THE UK manufacturing sector surged to a 15-month high in December, suggesting the economy may avoid further contraction.

The latest Markit/CIPS purchasing managers' index (PMI) was at 51.4, rising above the 50 mark, which signals expansion, for the first time since March.

It was also the highest reading since September 2011, helped by demand from domestic customers which offset the ongoing dip in orders from the troubled eurozone.

Although it is still likely that manufacturing contracted in the fourth quarter, many economists believe the sector is now stabilising, which may improve the performance of the wider economy.

Howard Archer, from IHS Global Insight, said: "The marked pick-up in manufacturing activity in December is a significant boost to hopes the economy was at least flat in the fourth quarter and could even have grown marginally.

"While the purchasing managers' survey offers real grounds for hope for manufacturers as they head into 2013, it is evident the sector still faces tough domestic and global conditions."

Output increased for the second month in a row, with the rate of growth the strongest in 20 months.

However new export orders dipped again and backlogs of work continued to decline.

Employment fell slightly while firms also signalled they had greater spare capacity.

David Noble, chief executive at the Chartered Institute of Purchasing & Supply, said: "In what has been a difficult year for the manufacturing sector, it is very encouraging to see 2012 end on a high with a second consecutive increase in output and the strongest rate of growth in 20 months presenting a more solid platform for 2013.

"This is largely a reflection of improved performance in the domestic market.

"But the sector is far from out of the woods.
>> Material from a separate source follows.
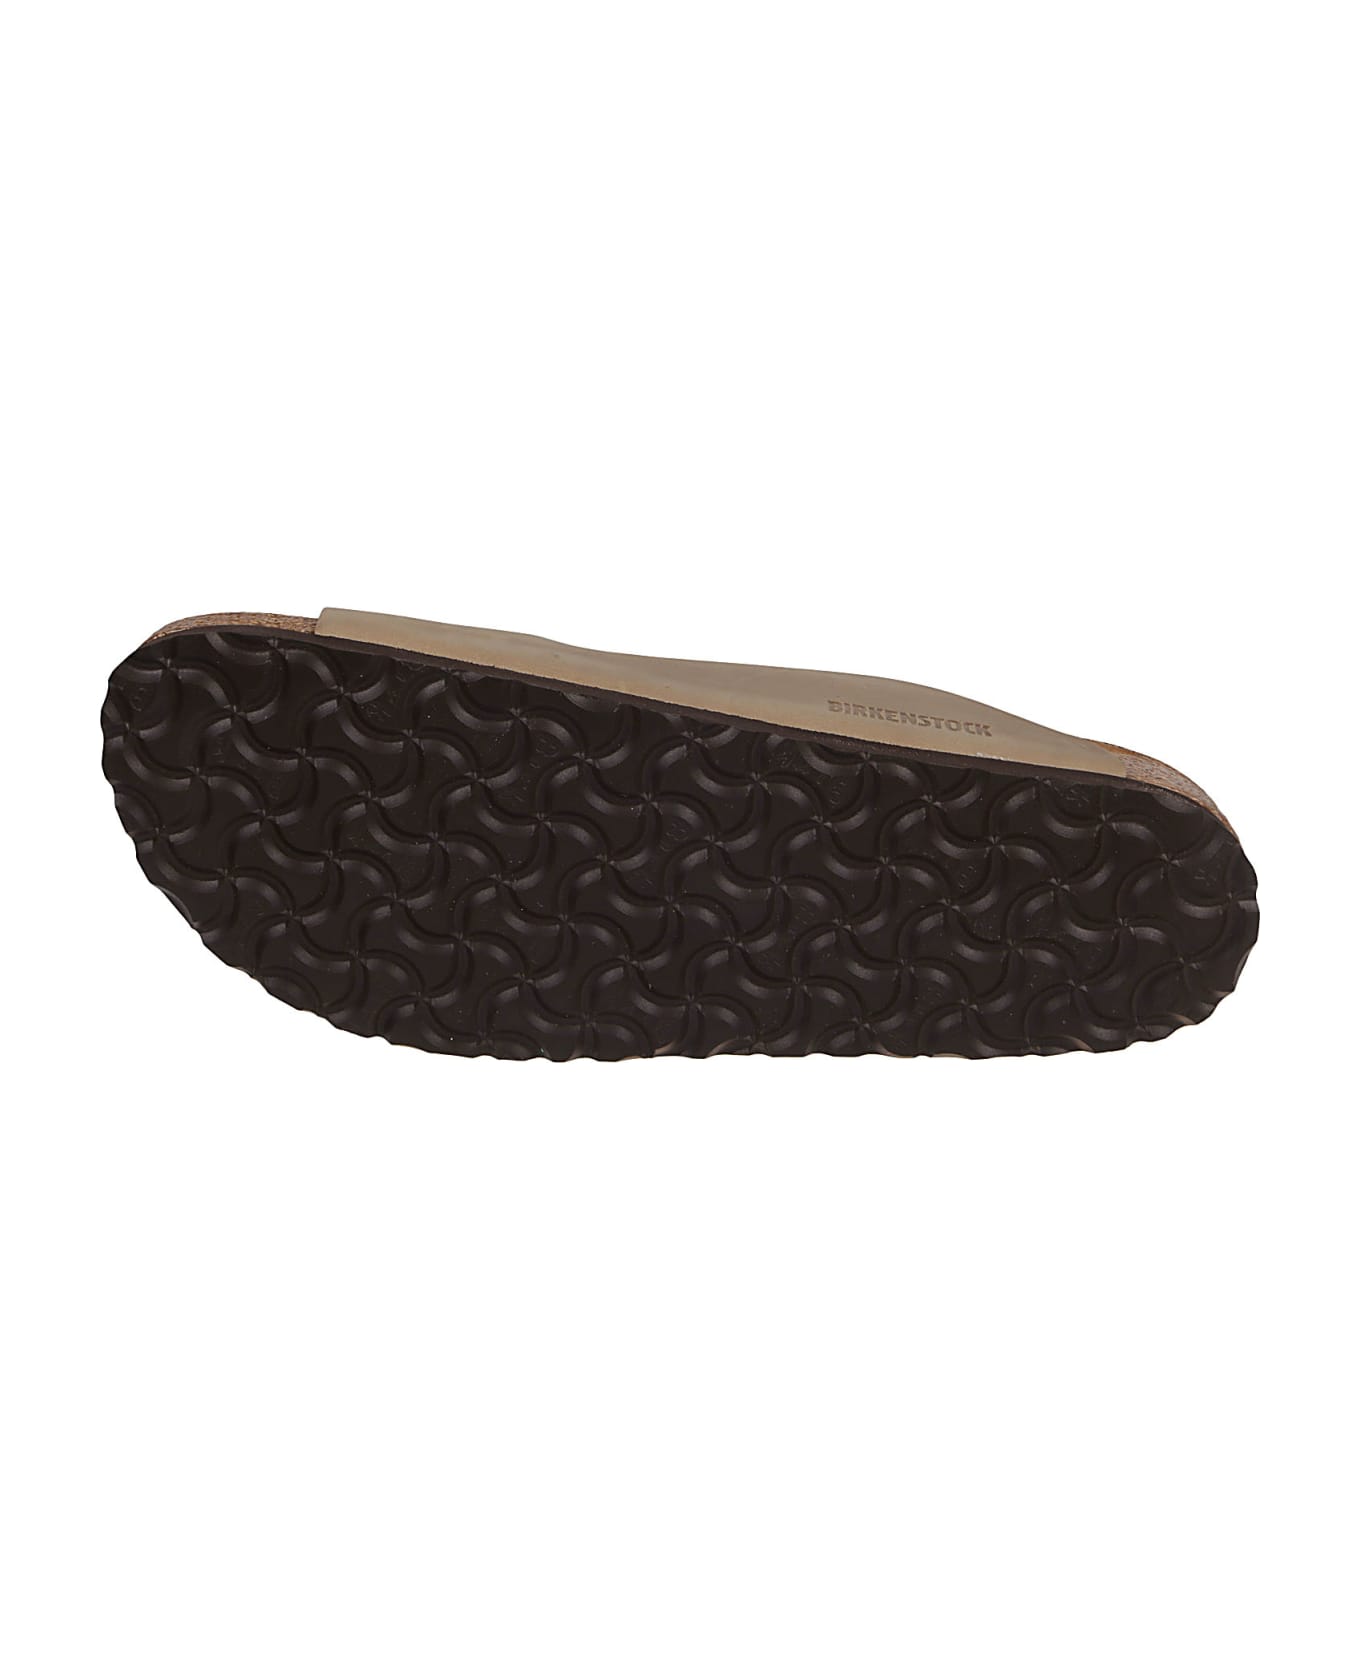 Birkenstock Arizona Sandals - Tabacco Brown

The decline in new export orders demonstrates that challenging global economic conditions and the eurozone crisis continue to act as a drag.
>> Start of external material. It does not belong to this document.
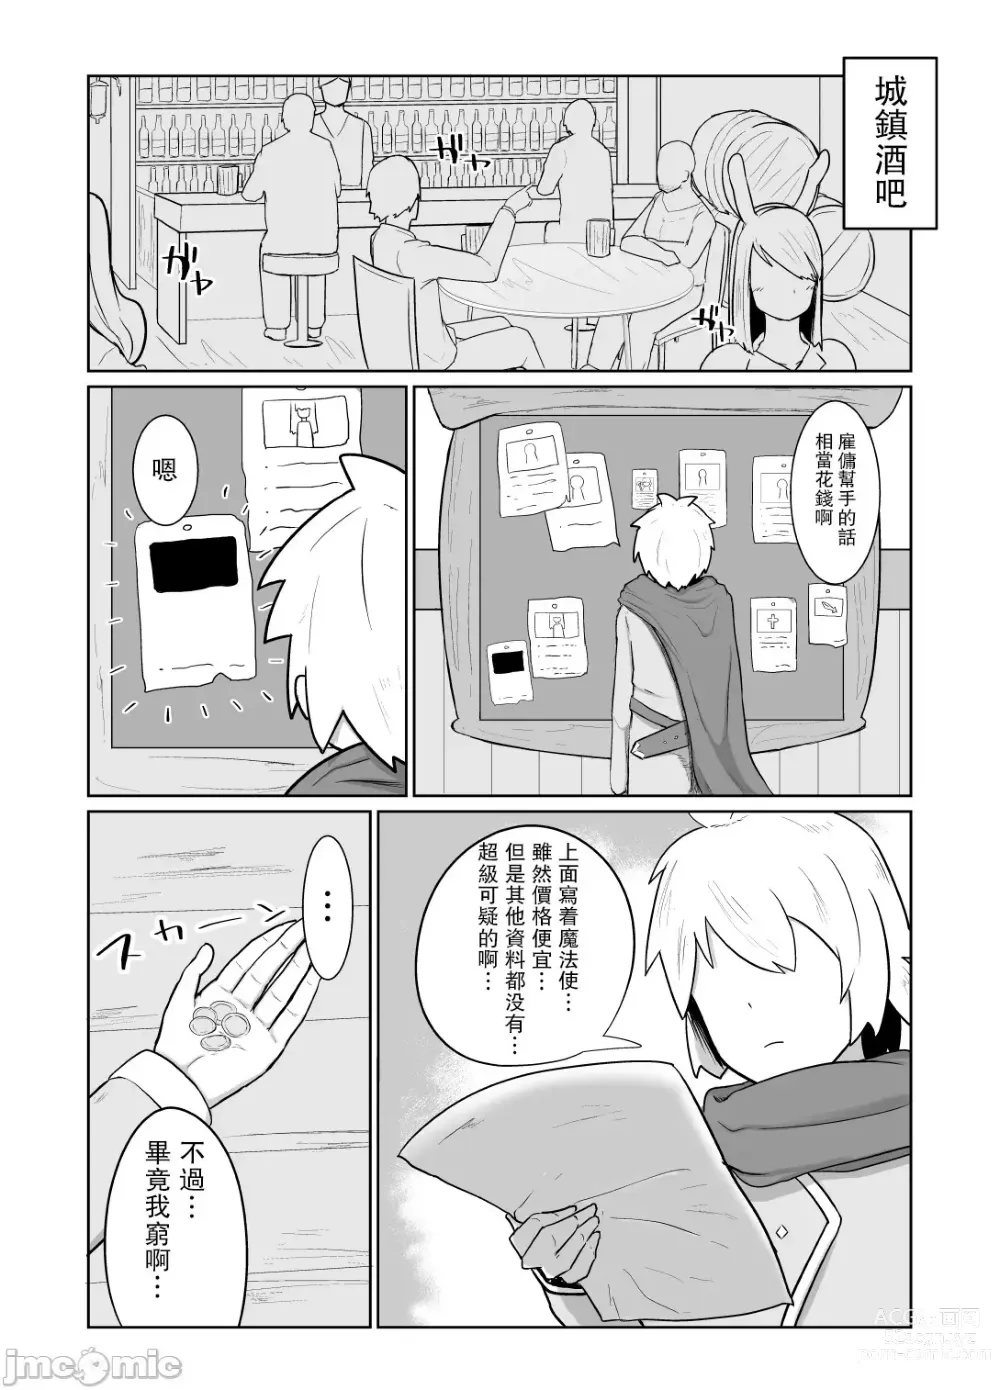 Page 6 of manga パーティに雇った魔法使いに無責任種付けする話1-3

"Moreover, the slight fall in employment, increased costs and spare capacity are warning signs for the year ahead."

That cautious view was echoed by Samuel Tombs, from Capital Economics.

He predicted manufacturing would contract by around 0.7% overall in the fourth quarter, and added: "With the recession in the eurozone set to deepen and consumers at home on course to be hit by a further bout of relatively high inflation, 2013 is shaping up to be another tough year for UK manufacturers."